DOMRADIO.DE: Wagen wir vielleicht einen Ausblick in die Zukunft. Ihr ganz persönliches Gefühl, haben Sie Hoffnung auf ein baldiges Ende dieses Krieges?
Bittermann: Es ist momentan sehr schwer, den weiteren Verlauf des Krieges einzuschätzen. Auf ein baldiges Ende ist gerade schwer zu setzen, glaube ich. Wir von Caritas International planen und arbeiten oder müssen in verschiedenen Szenarien arbeiten, gemeinsam mit unseren Partnern hier vor Ort, um auch weiterhin die bestmögliche Unterstützung für die Ukrainerinnen und Ukrainer leisten zu können.

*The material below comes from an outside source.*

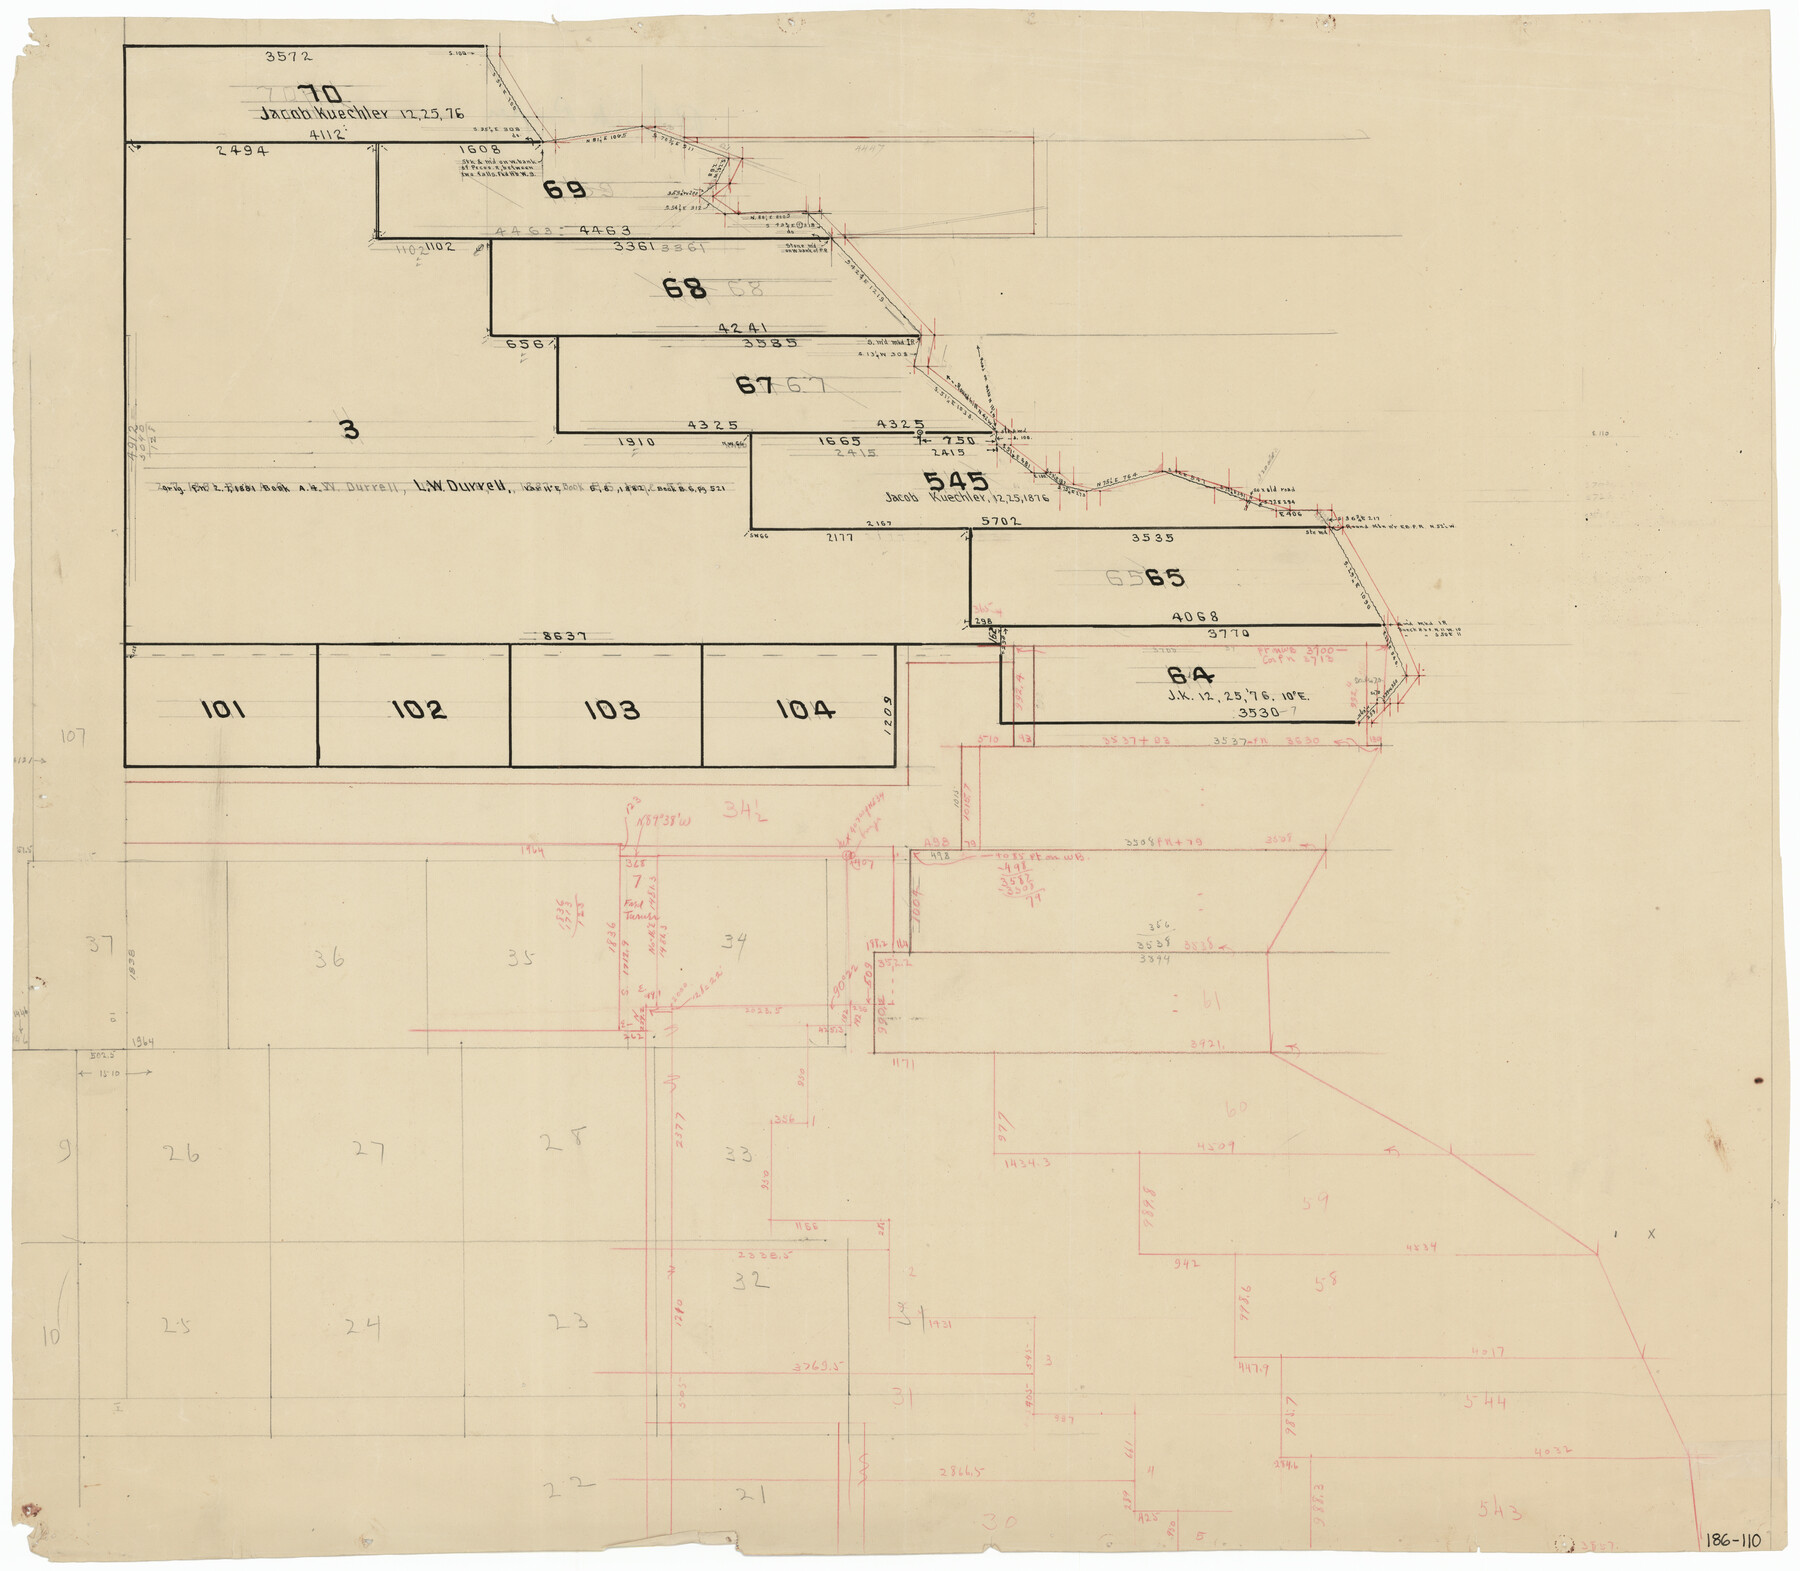 91632, [Sections 58-70, I. & G. N. Block 1, Runnels County School Land and part of Block 194], Twichell Survey Records

Was für mich irgendwie in diesen doch teilweise sehr dunklen Zeiten immer wieder ein Lichtblick ist, sind auf jeden Fall die Menschen hier vor Ort, die unerlässlich Hilfe leisten und arbeiten, sich gegenseitig unterstützen und so sehr an ihr Land glauben. Deswegen ist es auch weiterhin wichtig, dass wir die Menschen in der Ukraine auch aus Deutschland und dem Rest von Europa unterstützen und uns solidarisch mit ihnen zeigen.
Das Interview führte Verena Tröster.